All three ships spread apart, each on a different course and schedule, each with a different mission, fifty billion kilometers from Leviathan, still racing at close to light-speed.
“Super deceleration in ten seconds,” the mom said.
They had been through this many times before, enough to be used to it, but Martin felt a deep sense of dread: dread of the poised dream-state, his every move second-guessed by the volumetric fields. He felt them creep around his molecules, taking inventory of his body. And dread as well for what they all would have to face if they succeeded, when the ships came back together: the lies and deceit he knew had been perpetrated on the crews.
“Good luck,” Ariel said.
He tried to think of a pleasant scene on Earth, to lock this into his thoughts and avoid visions of the dead.
Instead, he saw as if through a grim documentary that the entire crew had been fed fake matter food, that they were now made of massless coerced points in space; that when the Job was done they would simply dissolve like the Red Tree Runners’ Ship of the Law.
The Law would be done at the cost of their being; in fact, they were nothing right at this moment, merely illusions on a ghost ship falling again into brightness to bring death.
His unvoiced moan seemed to echo behind his closed eyes. If he opened his eyes, he would see the others, trying to do little tasks, conversing or just sitting, waiting out the constrained hours. He preferred to be alone with this nightmare.
Twenty-two hours passed.
An hour before super deceleration ended, as planned, Hakim broadcast their first message to the beings around Leviathan. He had created a simple binary signal repeating pi and the first ten prime numbers, without the Brothers’ help; the moms had indicated Brother mathematics was most unusual, and not likely to be easily understood.

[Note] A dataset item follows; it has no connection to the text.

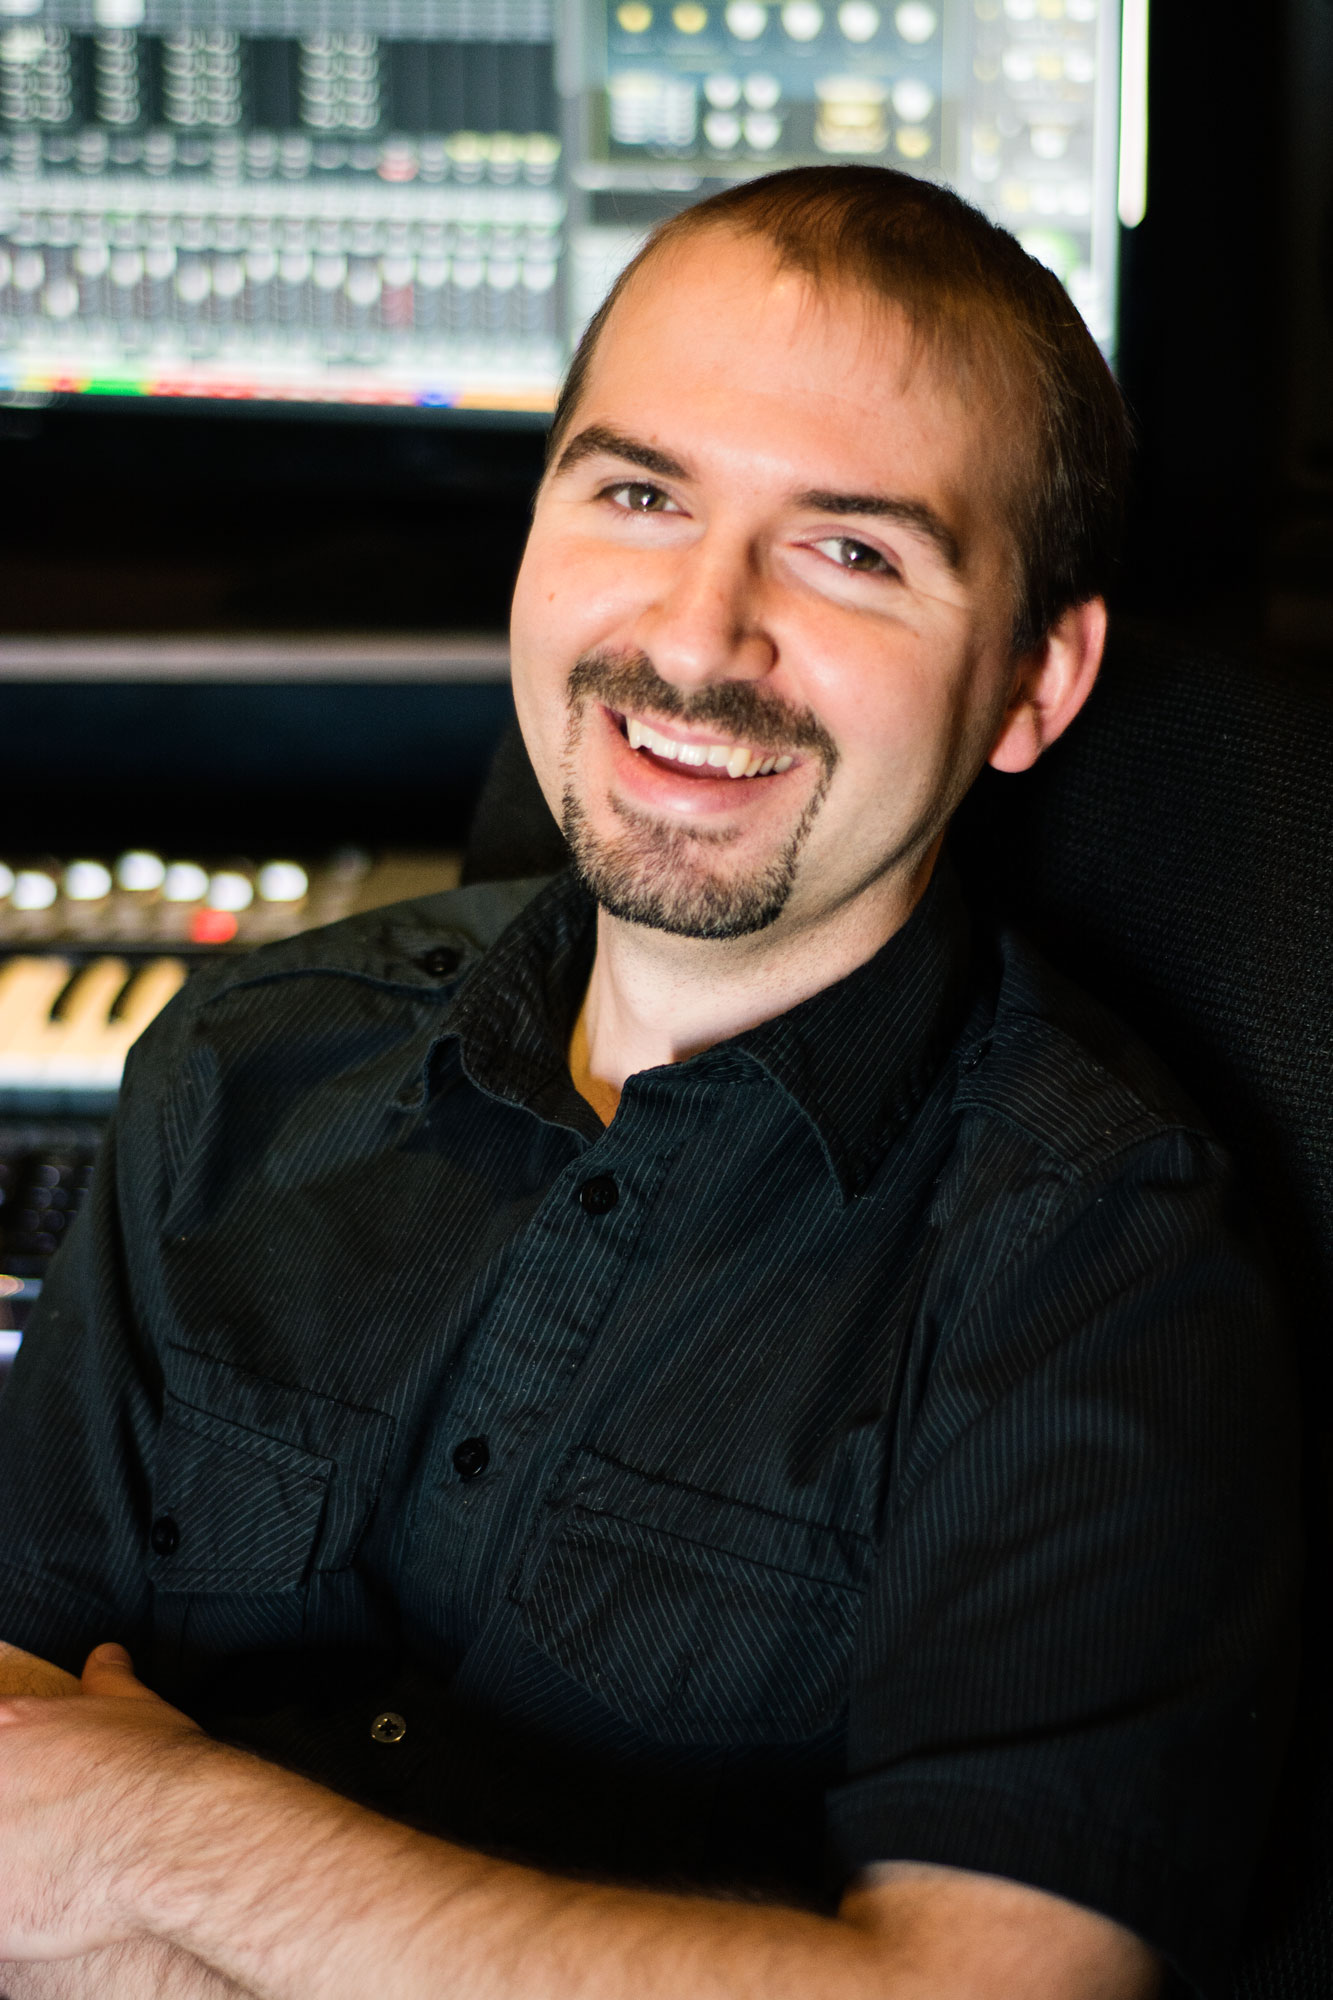 Jeremy Cays

The signal was adjusted to disguise their velocity. It would reach Leviathan’s world
s in twenty-three hours; Trojan Horse/Double Seed would be twenty-two billion kilometers from the system by then, easily visible to Leviathan’s masters.

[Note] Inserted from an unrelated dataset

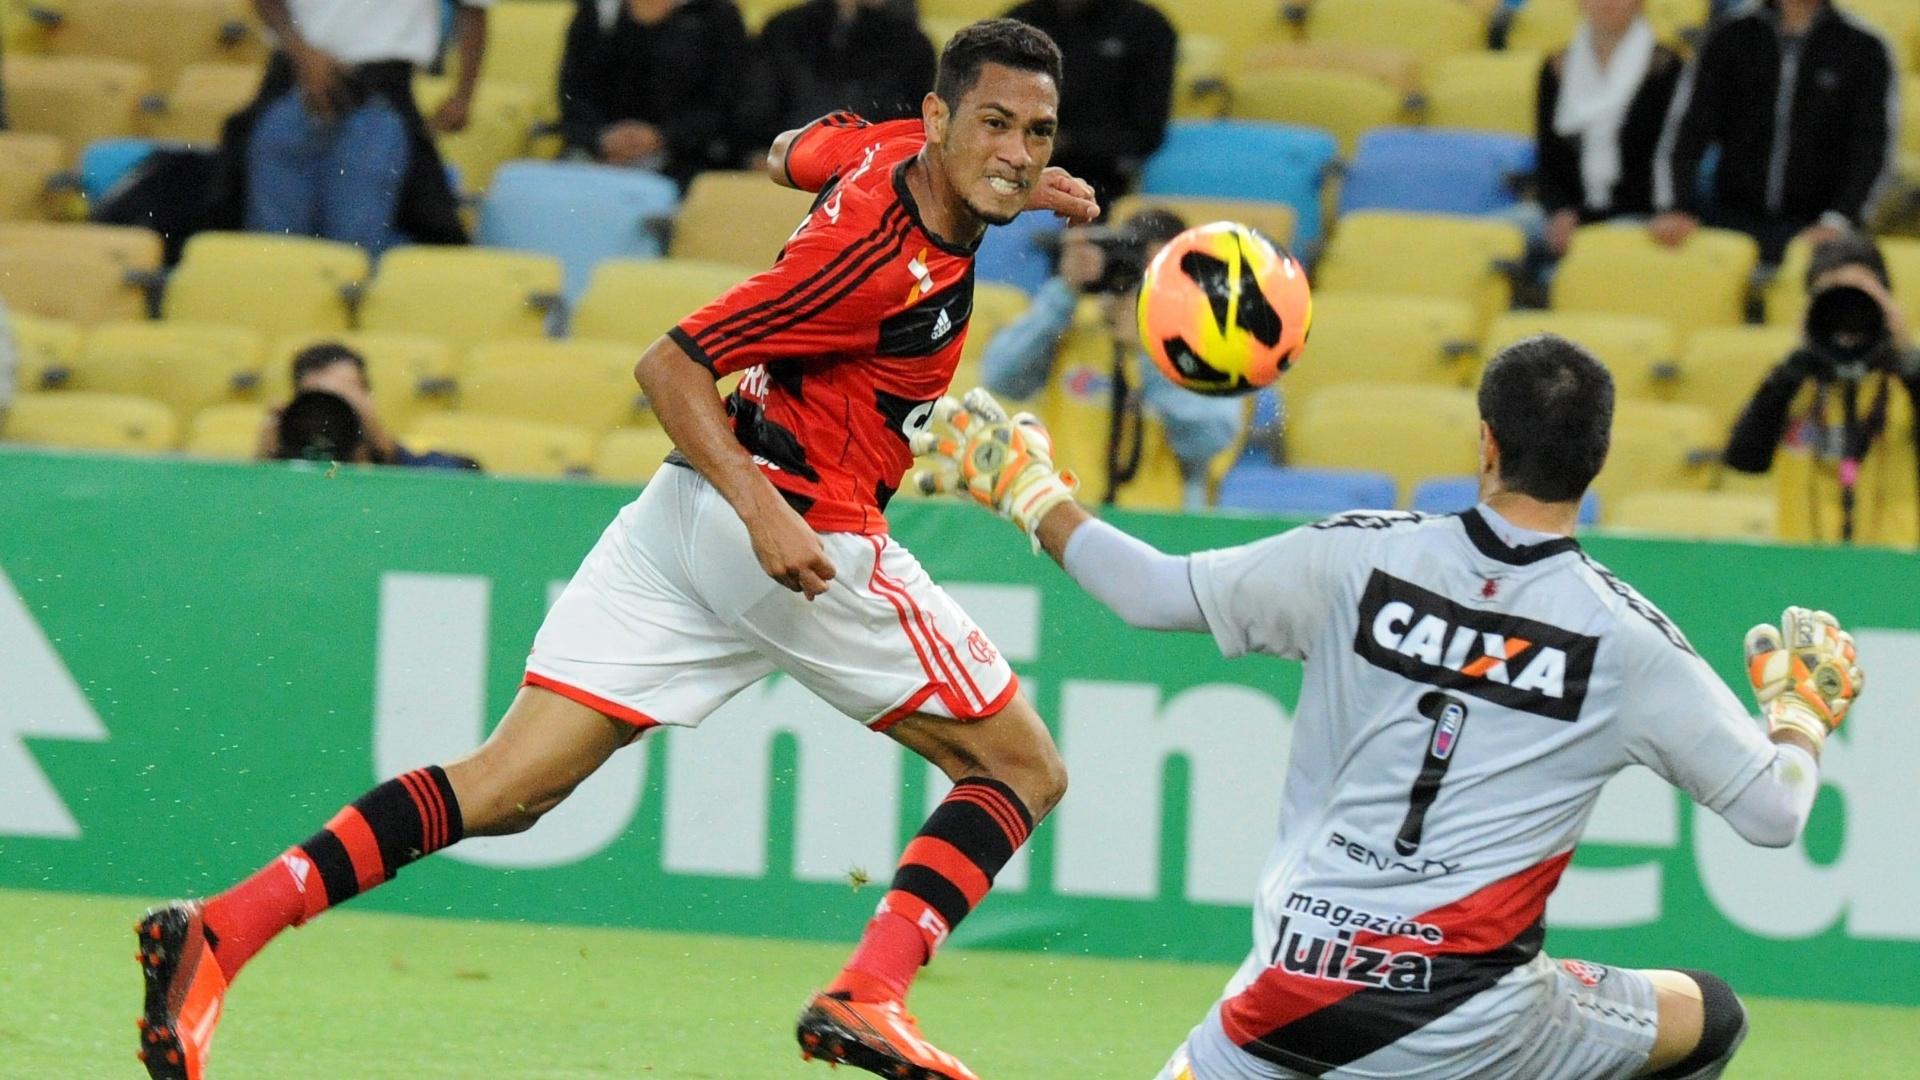 04.set.2013 - Hernane chuta para marcar o primeiro do Flamengo contra o Vitória

The mom informed them that Greyhound and Shrike were doing well, that all was going as planned.
Martin listened to the mom’s voice, acknowledged with a nod that he had heard the news and understood it, closed his eyes again, waited, still not convinced of his reality, his solidity.

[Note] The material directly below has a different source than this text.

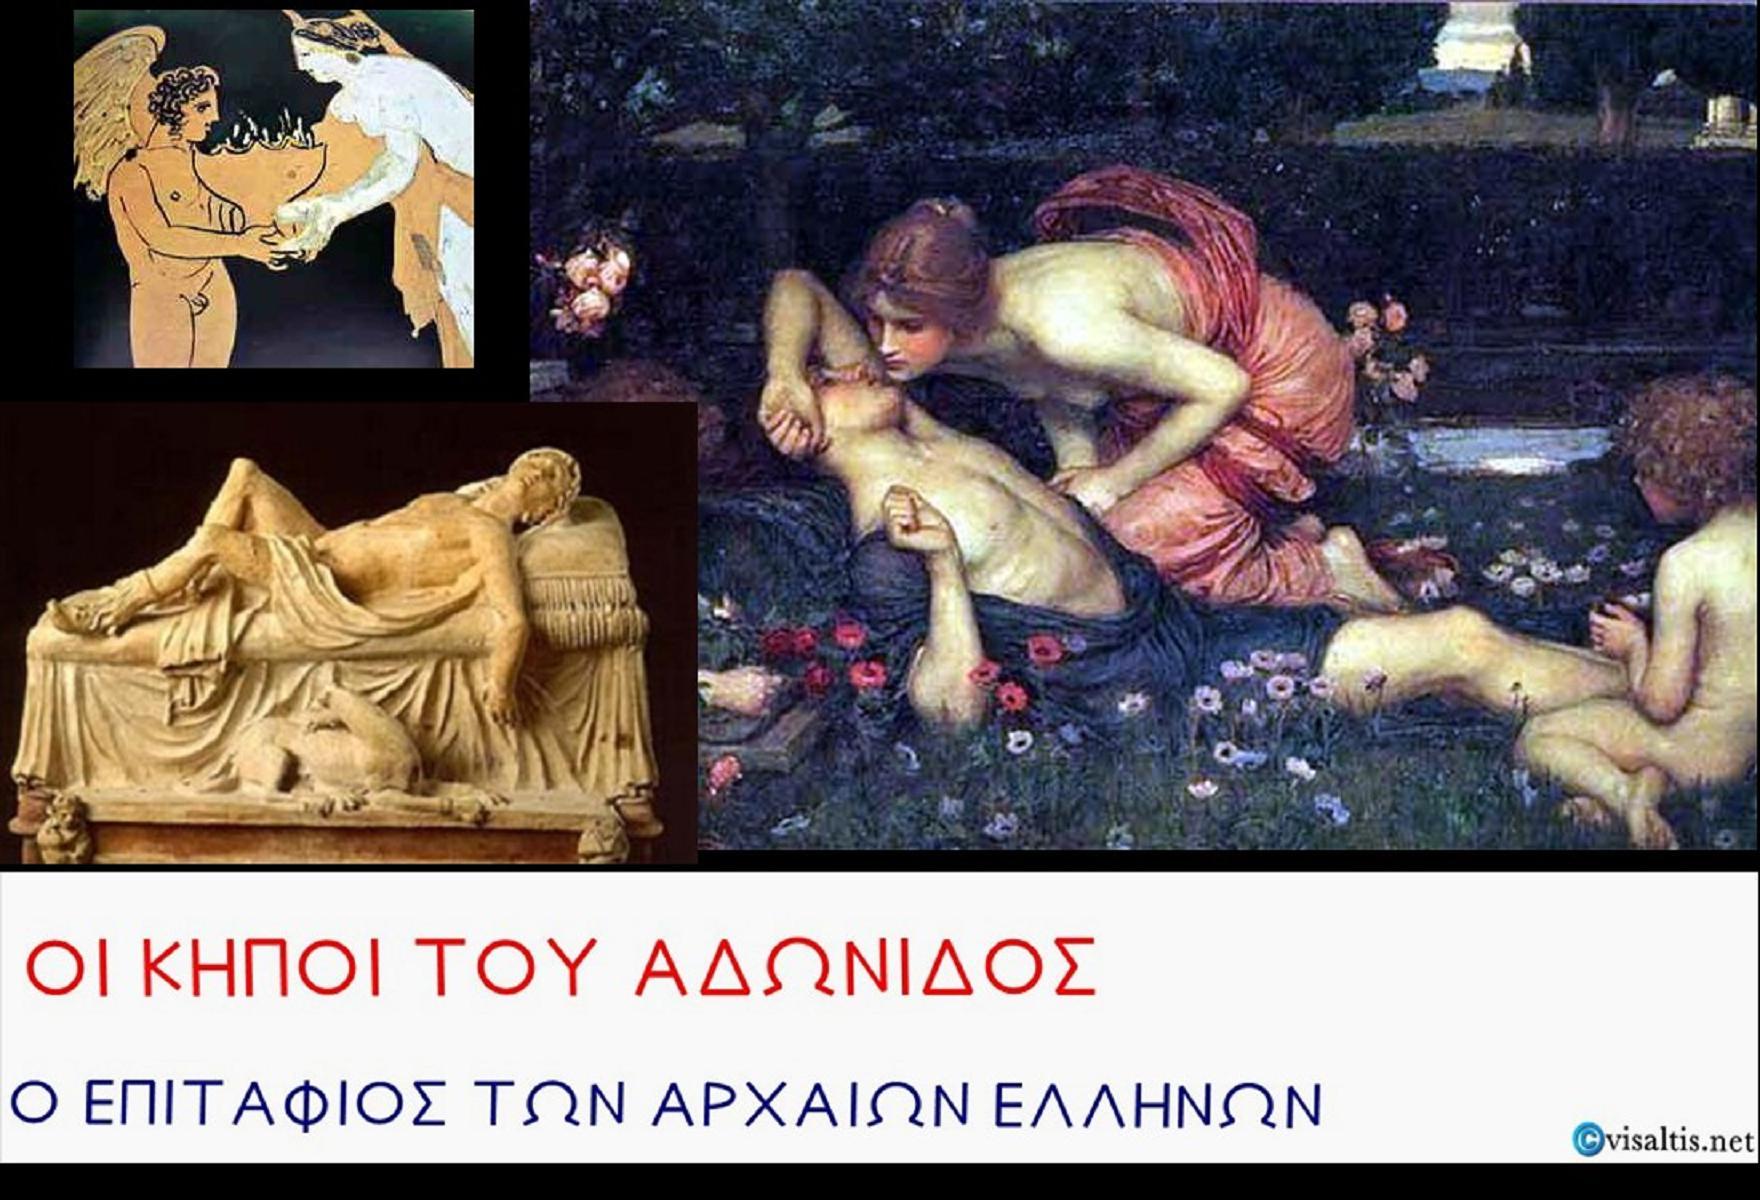 Τὰ Ἀδώνεια καὶ ὁ κῆπος τοῦ Ἀδώνιδος.

Ariel touched his arm. “You don’t look happy,” she said.
“Nightmare,” he said, shaking his head.
“You’re not asleep,” she said.
“Doesn’t matter.”
“Want to talk?”
“About what?”
“About after.”
He smiled. “After we get the Job done? Or after we’ve decelerated?”
“After anything,” she said.
Martin opened his eyes completely and wiped them to clear his mottled vision. What he saw was still not sharp; Ariel leaned on her elbow a meter away, face blurred, eyes indistinct, mouth moving. He made an effort to listen.
“The Wendys will make their gowns. We’ll marry a planet. Do you ever think about that?”
He shook his head.
“I do. I’d like to let it all down, relax, sit in a thick, fresh atmosphere with the sun in the sky…just not worry about anything. Do you think people on Earth ever did that?”
“I suppose.”
“I wonder if I’d make a good mother. Having babies, I mean.”
“Probably,” he said.
“I’ve just started thinking about being a mother. My thoughts…I’ve been young for so long, it’s hard to imagine actually being grown-up.”
“Ariel, I’m not thinking too clearly right now. We should talk later.”
“If you want. I don’t mind if you don’t answer. Do you mind listening?”
“I don’t know if I mind anything right now.”
“All right,” she said. “I’ll wait. But we’re going to be so busy.”
“That will be good,” Martin said. “Not having time to think.”
“Do you have a voice…” She trailed off. “It sounds so silly, like something Rosa might say. Do you have a voice that tells you what’s going to happen?”